Data block -
⁂

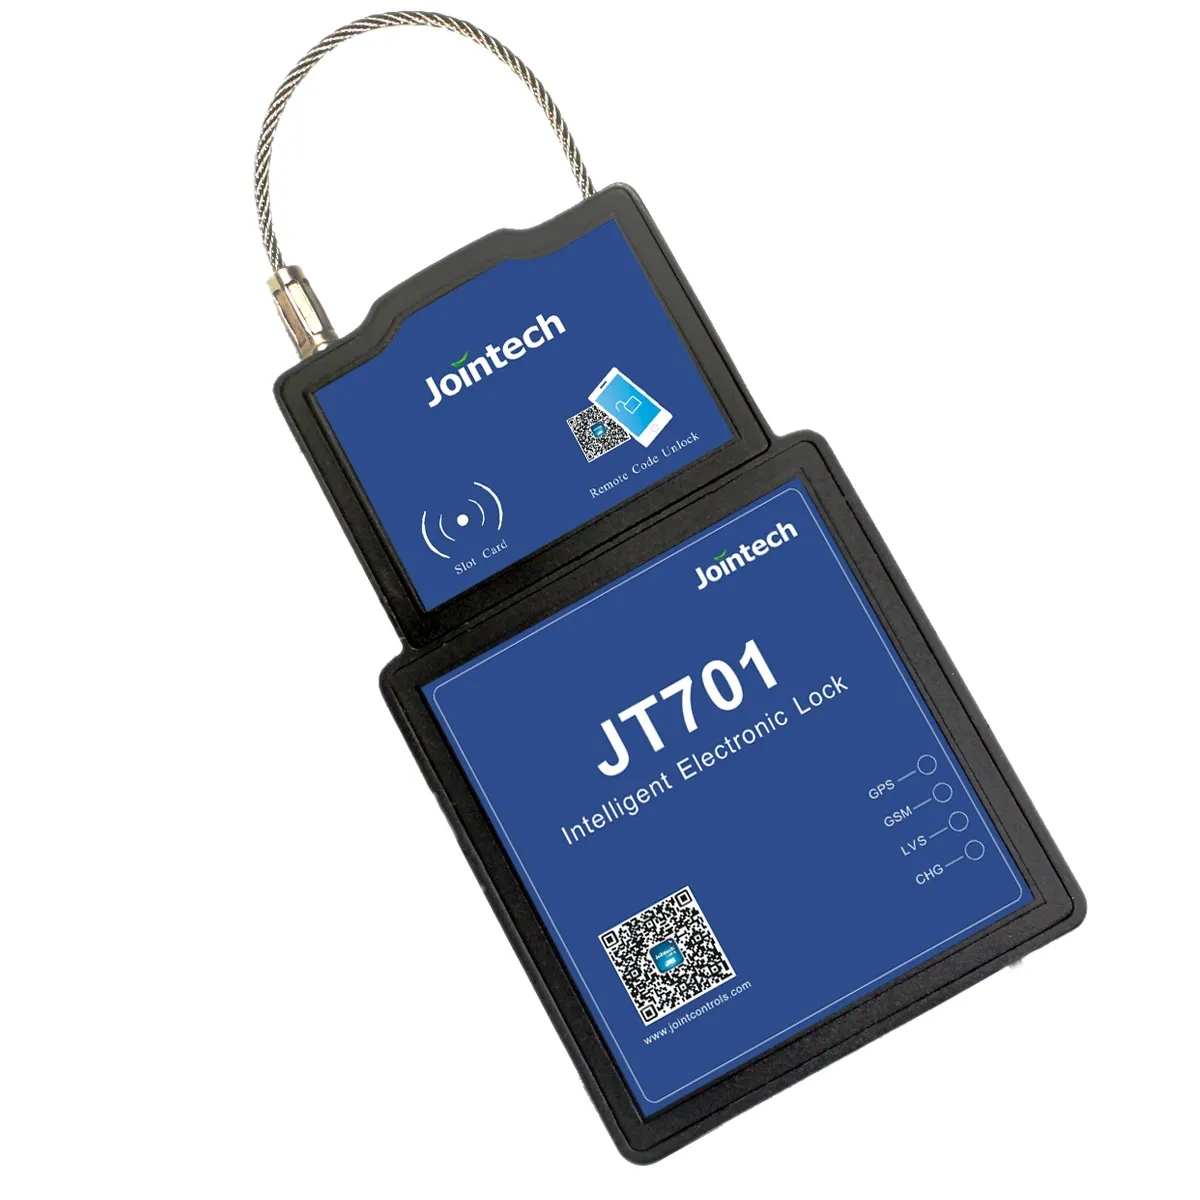 ตัวติดตามทรัพย์สินอัจฉริยะสำหรับการขนส่งสินค้าระบบรักษาความปลอดภัย JT701จาก Jointech RFID
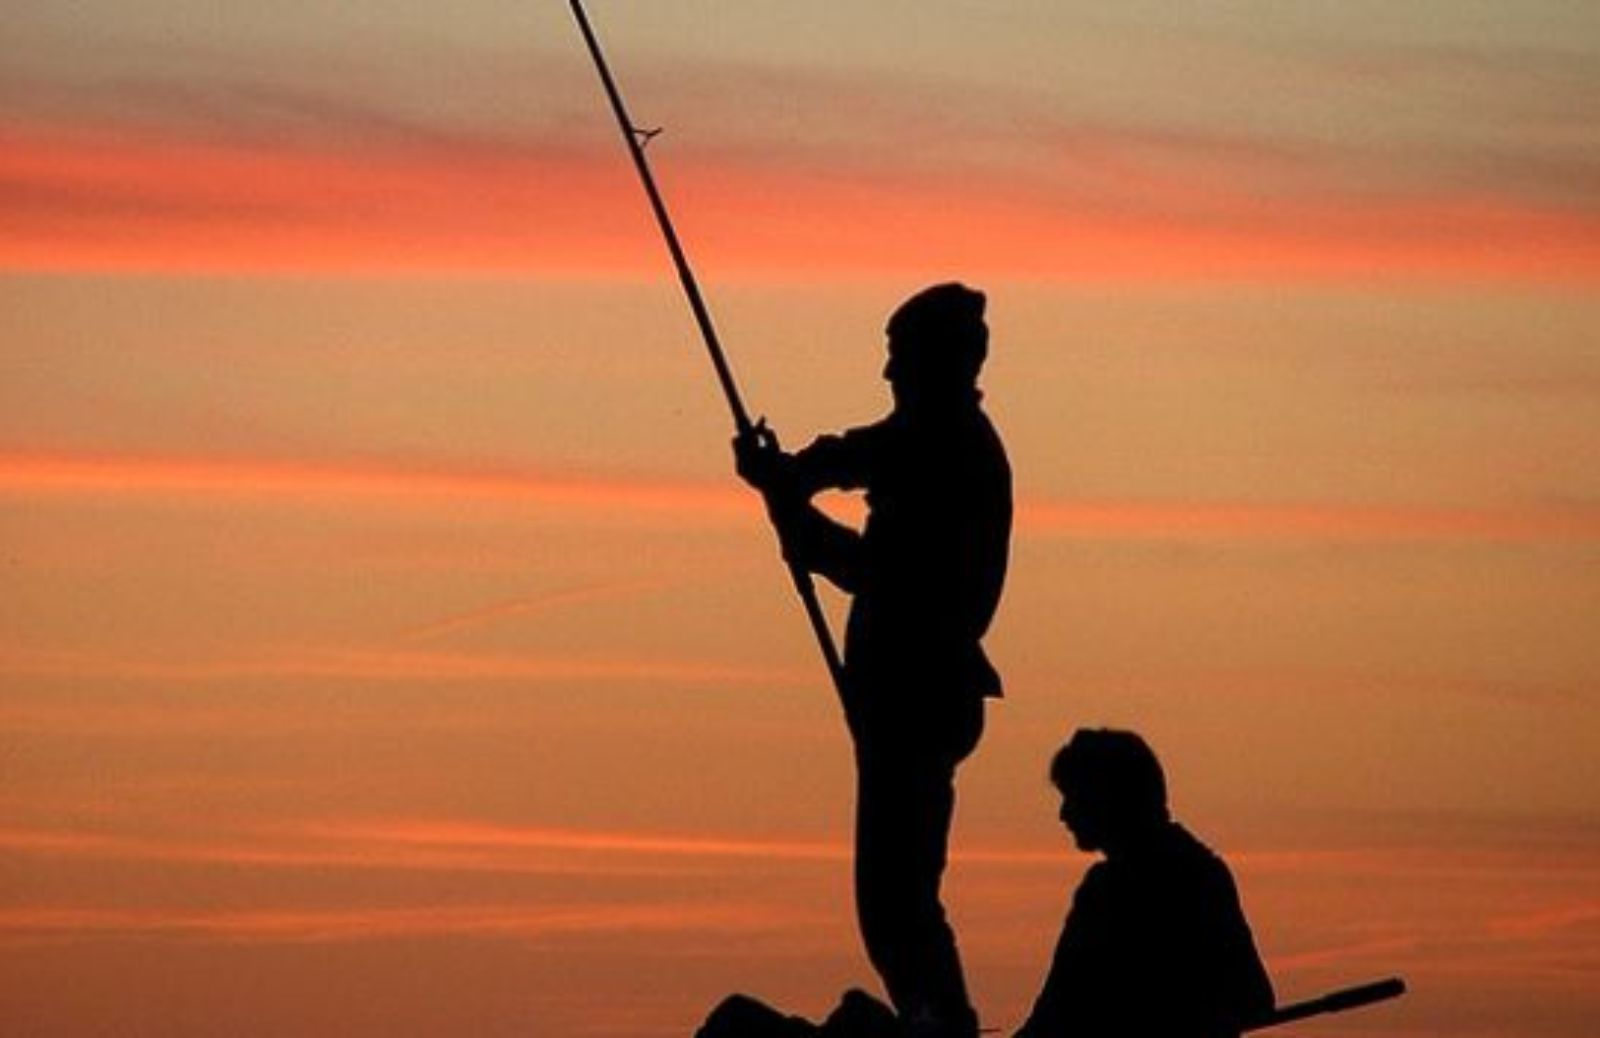 Come funziona la pesca sostenibile: il metodo catch & release
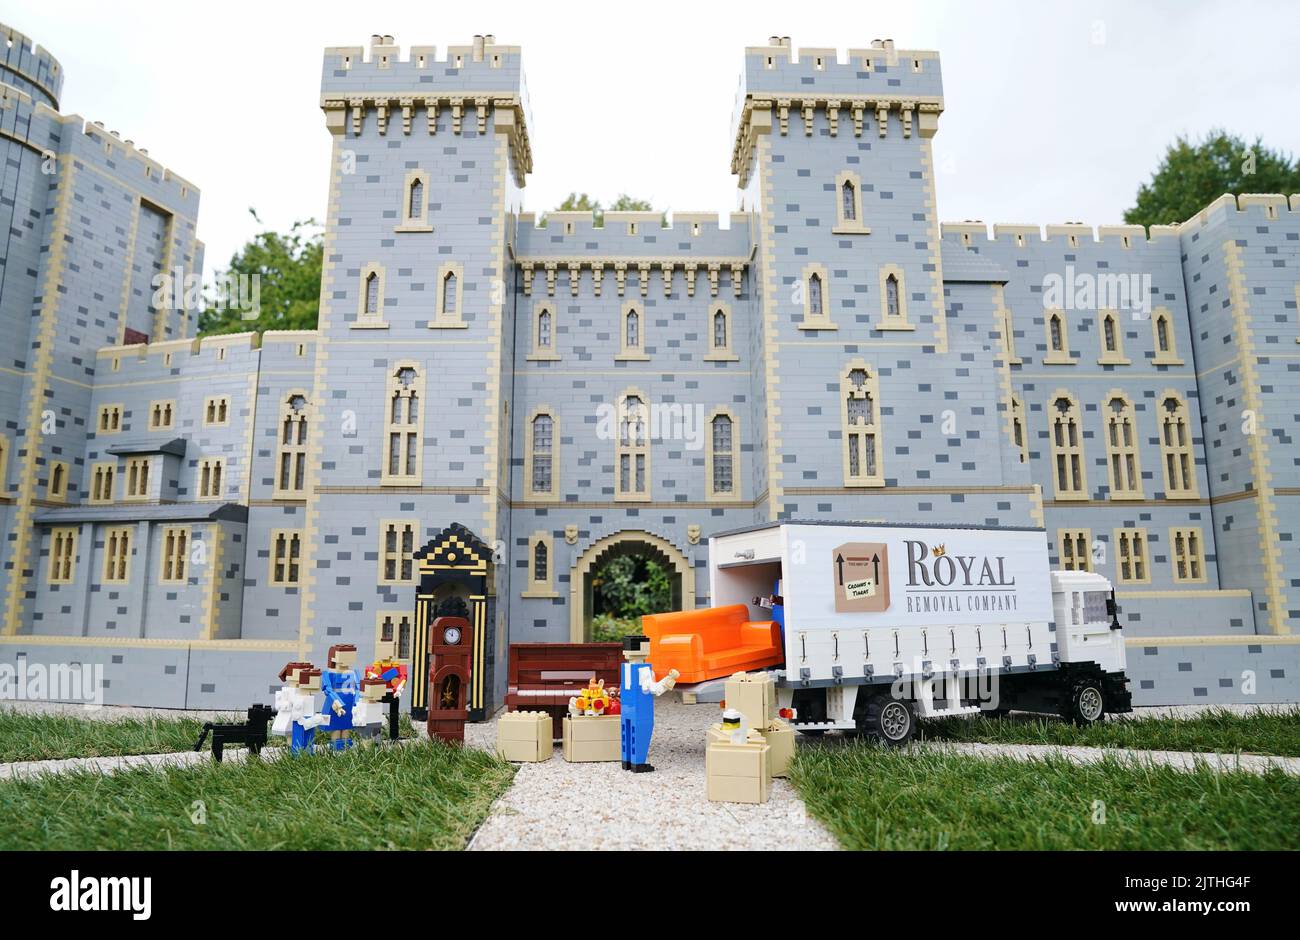 Taylor Swift: Lego Portrait Revealed at Legoland Windsor
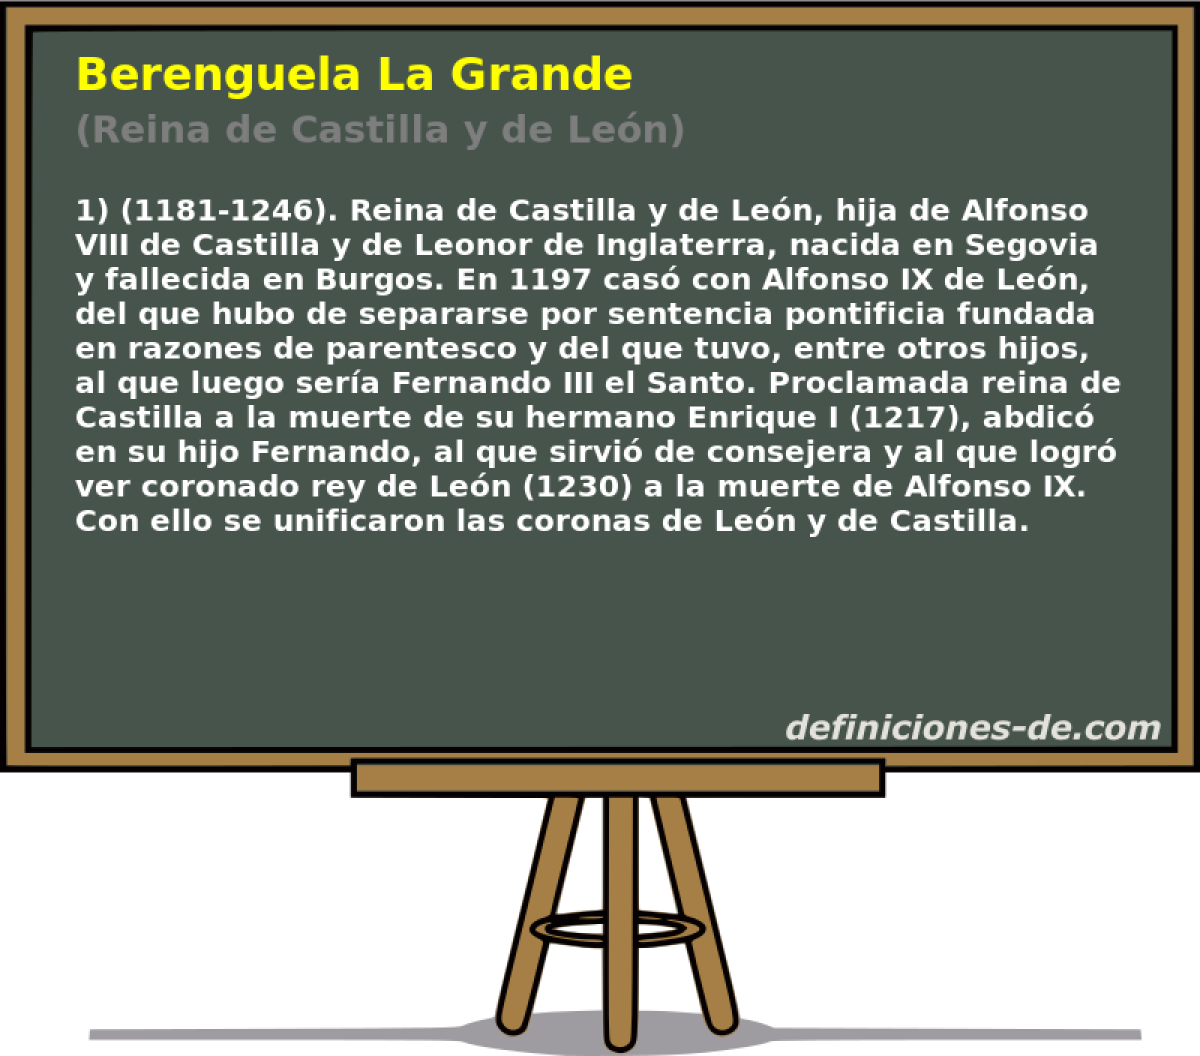 Berenguela La Grande (Reina de Castilla y de Len)

⁂

Exercise description - Word for word, retype the lines from the one that contains "Taylor Swift: Lego" through the final line of the data, both ends included, excluding pictures.

Task response -
 Taylor Swift: Lego Portrait Revealed at Legoland Windsor
 Berenguela La Grande (Reina de Castilla y de Len)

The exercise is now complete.